The motor sport industry can point out, with justification, that the 4m angling population in the UK alone uses vastly more fuel – and hence generates much more globe-warming carbon dioxide – getting to lakes and riverbanks each weekend than is consumed by all forms of motor sport in the same period.

But the problem for an industry that generates billions of dollars in earnings (£5bn in the UK alone) and employs well over 100,000 directly worldwide is that it is a direct user of CO2-generating fuels. Unfairly or not, that places it in the line of fire more than almost all other sports.

The potential for the mounting clamour over global warning to result in demands for restrictions on motor sport has not been lost on its participants with a big financial stake in it. These include the sport’s world governing body, the Federation Internationale de l’Automobile (FIA); the companies that earn their living from designing, developing and making its cars and other hardware; the racing teams; and the multitudes of other companies – including multinational corporations using motor sport as a global marketing platform.

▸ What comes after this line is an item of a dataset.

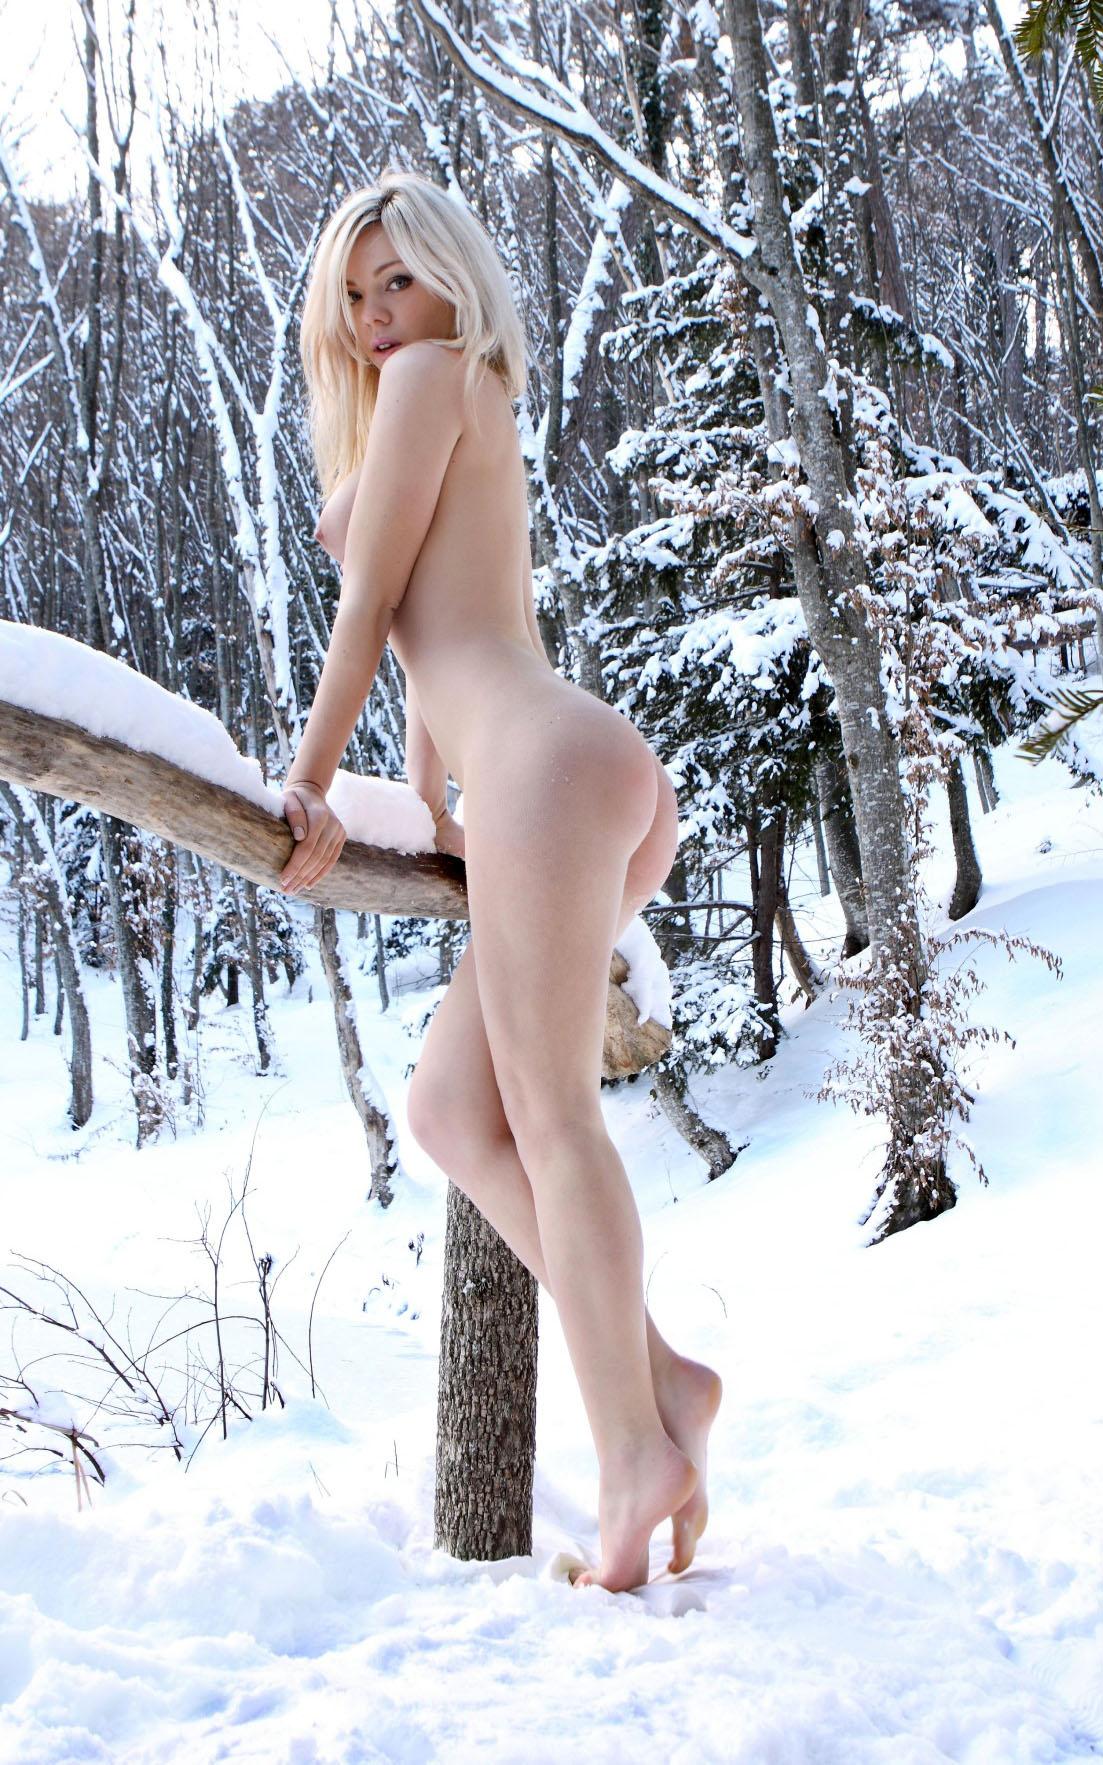 фотографии девушек зимой голых всплеска популярности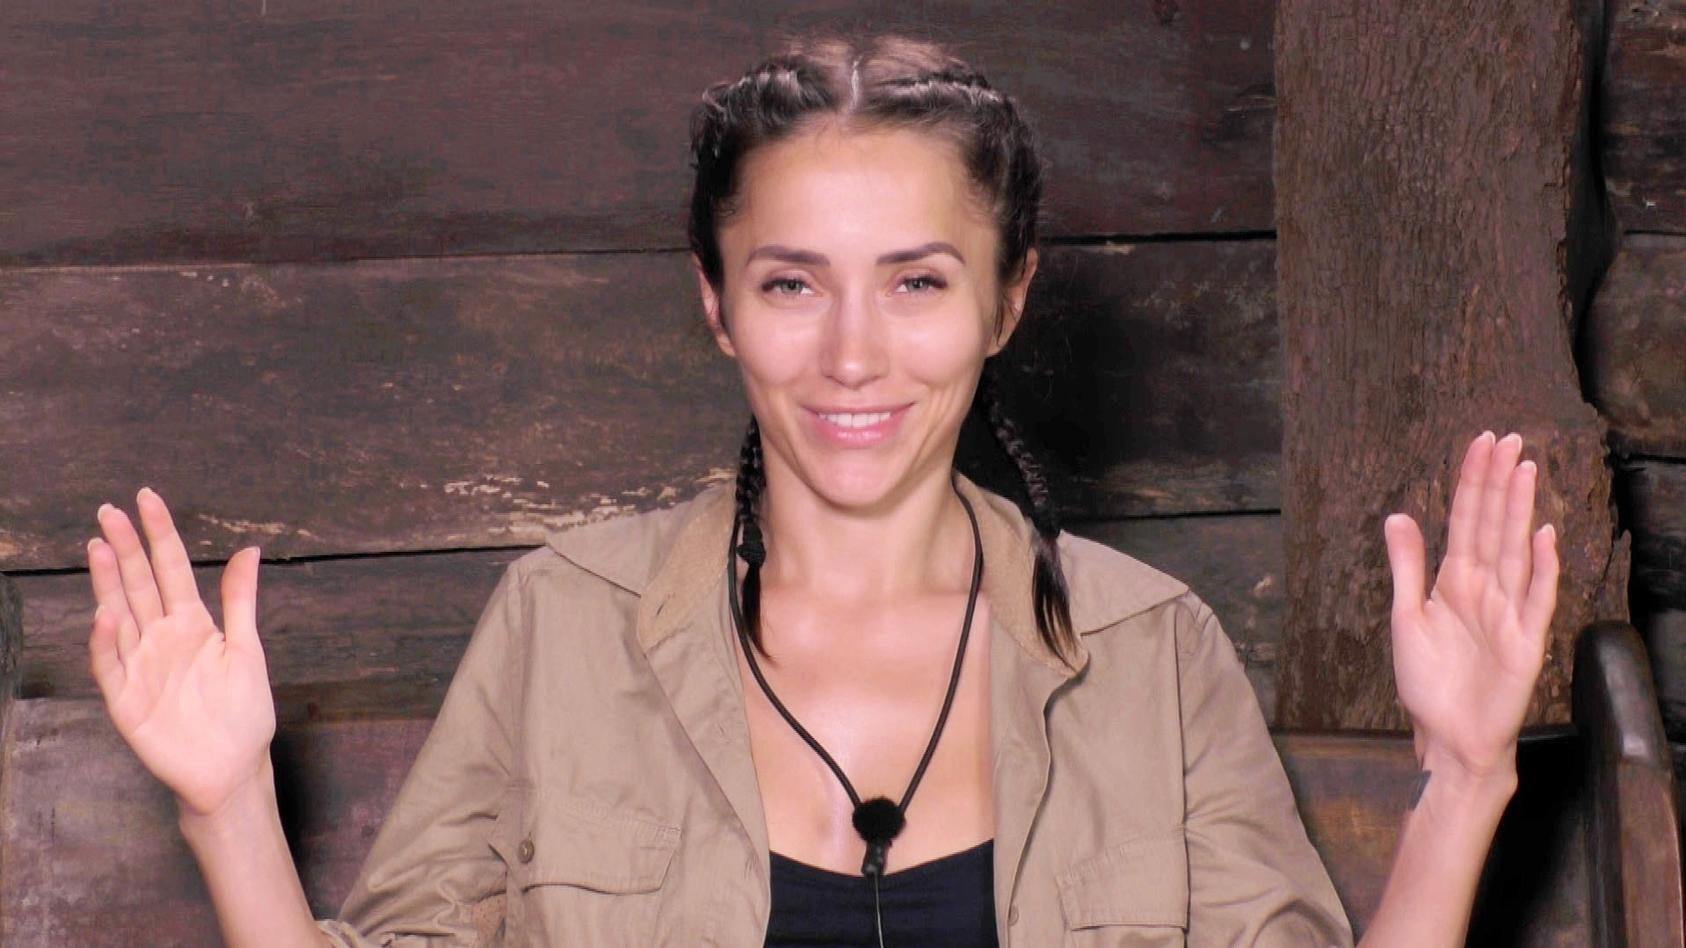 Zumindest im Dschungelcamp war Anastasiya Avilova meist bekleidet.

The industry, says FIA president Max Mosley, appears not to be under imminent threat – “not yet. But I have no doubt that it will materialise in the next five to 10 years if we don’t do anything positive. Although motor sport in reality uses negligible fuel, it is symbolic – remember that in the 1970s fuel crisis there were moves to stop motor sport. We need to avoid that.”

With relatively little fanfare, except for some high-profile initiatives in motor sport’s top echelon, Formula One, the industry is already demonstrating the fast responses for which it has become famed. From Indy single-seater car racing in the US to even minor national championships in Europe, it is racing into the use of bio- and other cleaner fuels, and it is gearing engineering programmes to make motor sport much more environmentally efficient. It is not so much jumping before it is pushed as leading the way and challenging others to follow.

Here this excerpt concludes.